HOW TO COMPLETE THIS TASK -
Repeat exactly, and only, the lines of the entries below from the one with "Google Pixel Phone" through the one with "Alimento para Perro", both ends included.

EXCERPTED RECORDS -
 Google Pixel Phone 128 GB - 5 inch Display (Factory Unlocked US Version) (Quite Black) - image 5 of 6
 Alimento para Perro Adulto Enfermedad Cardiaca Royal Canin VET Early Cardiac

---

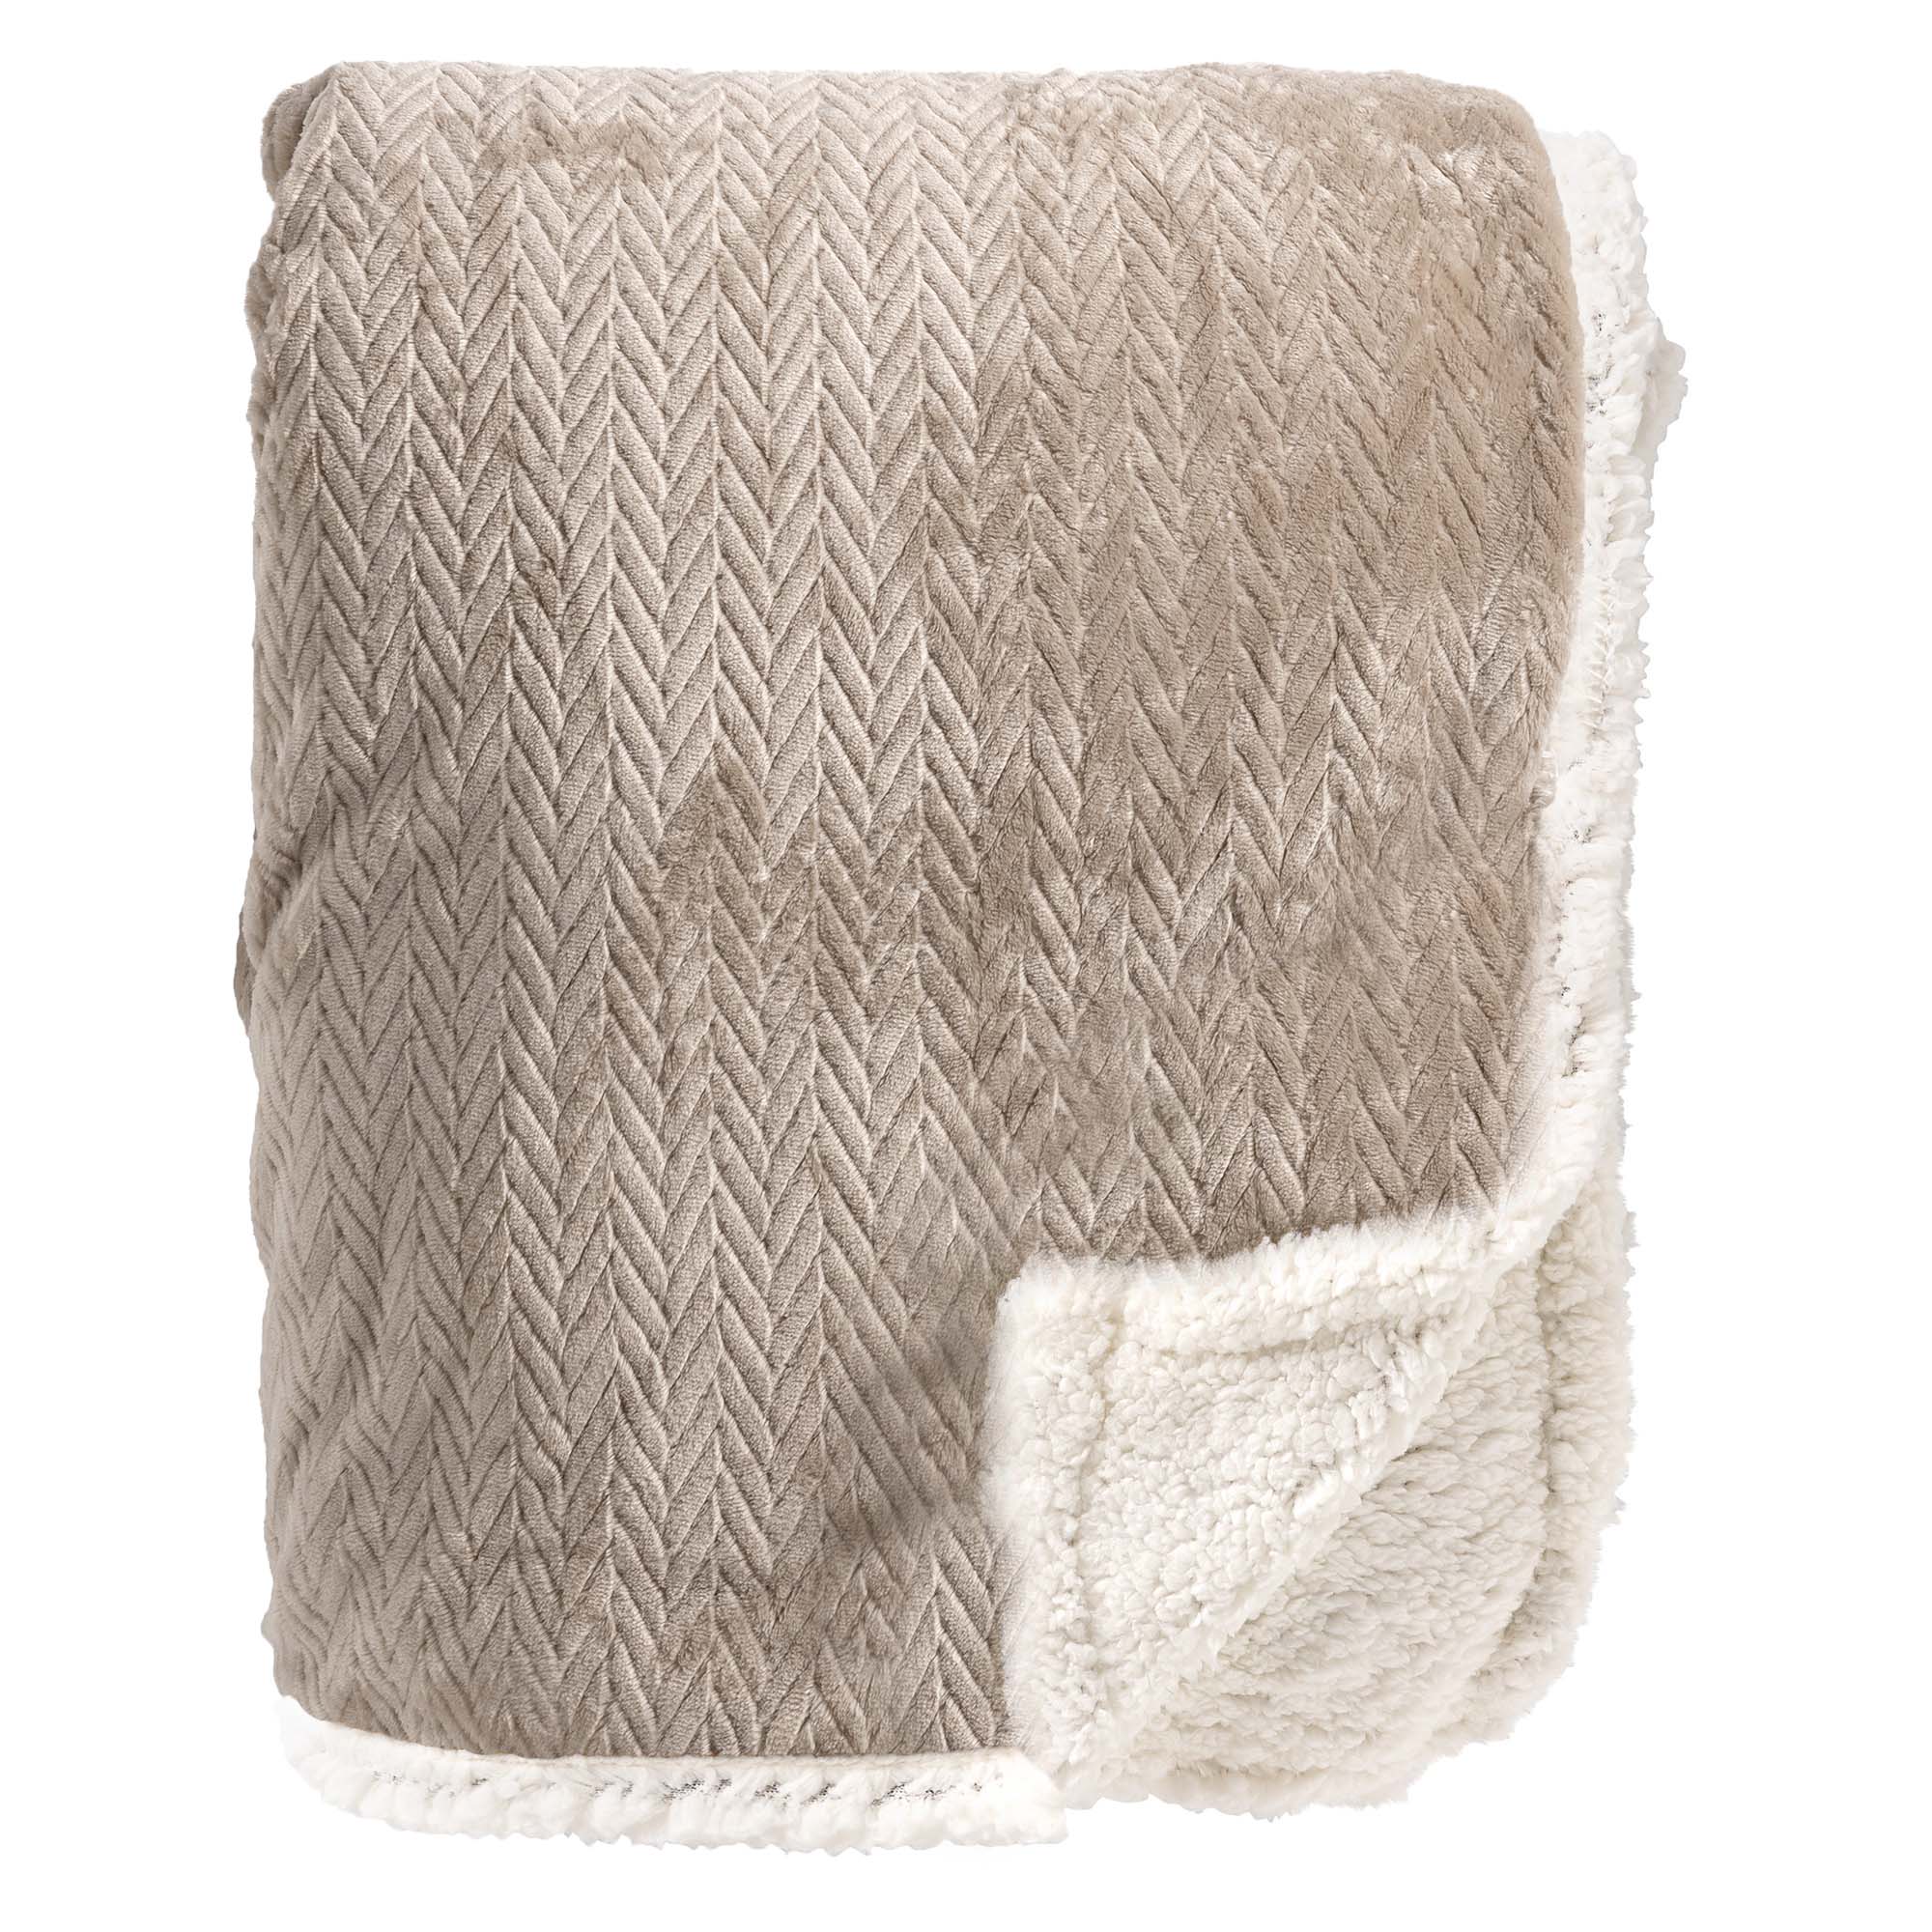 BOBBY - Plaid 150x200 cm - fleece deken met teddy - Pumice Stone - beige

--

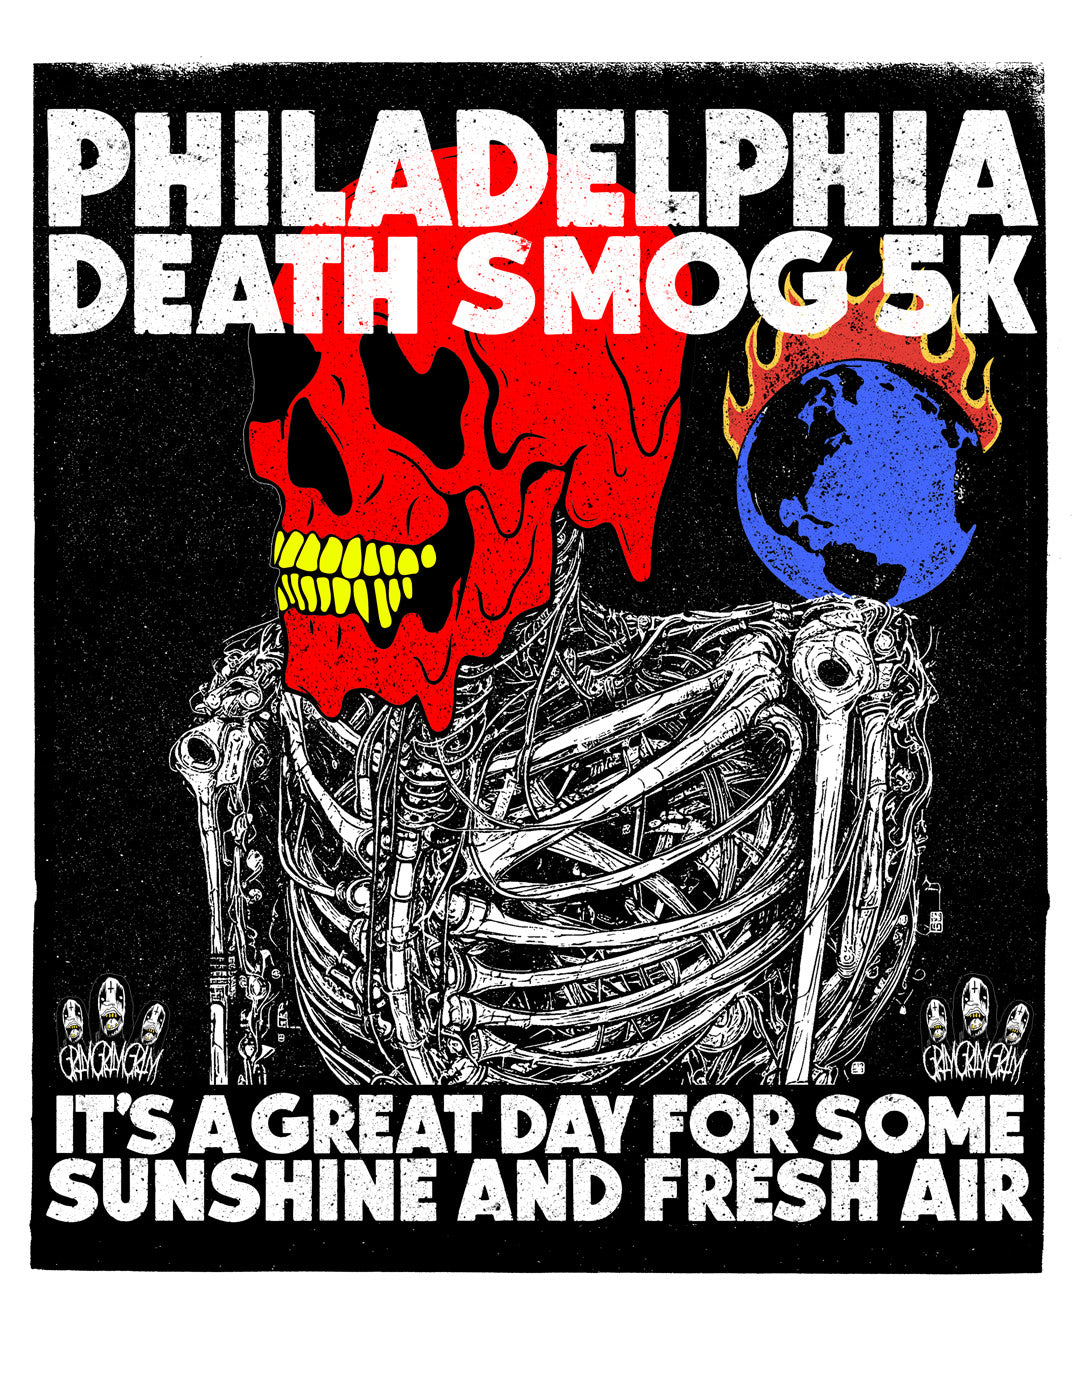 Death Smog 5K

EXERCISE SOLUTION -
 Google Pixel Phone 128 GB - 5 inch Display (Factory Unlocked US Version) (Quite Black) - image 5 of 6
 Alimento para Perro Adulto Enfermedad Cardiaca Royal Canin VET Early Cardiac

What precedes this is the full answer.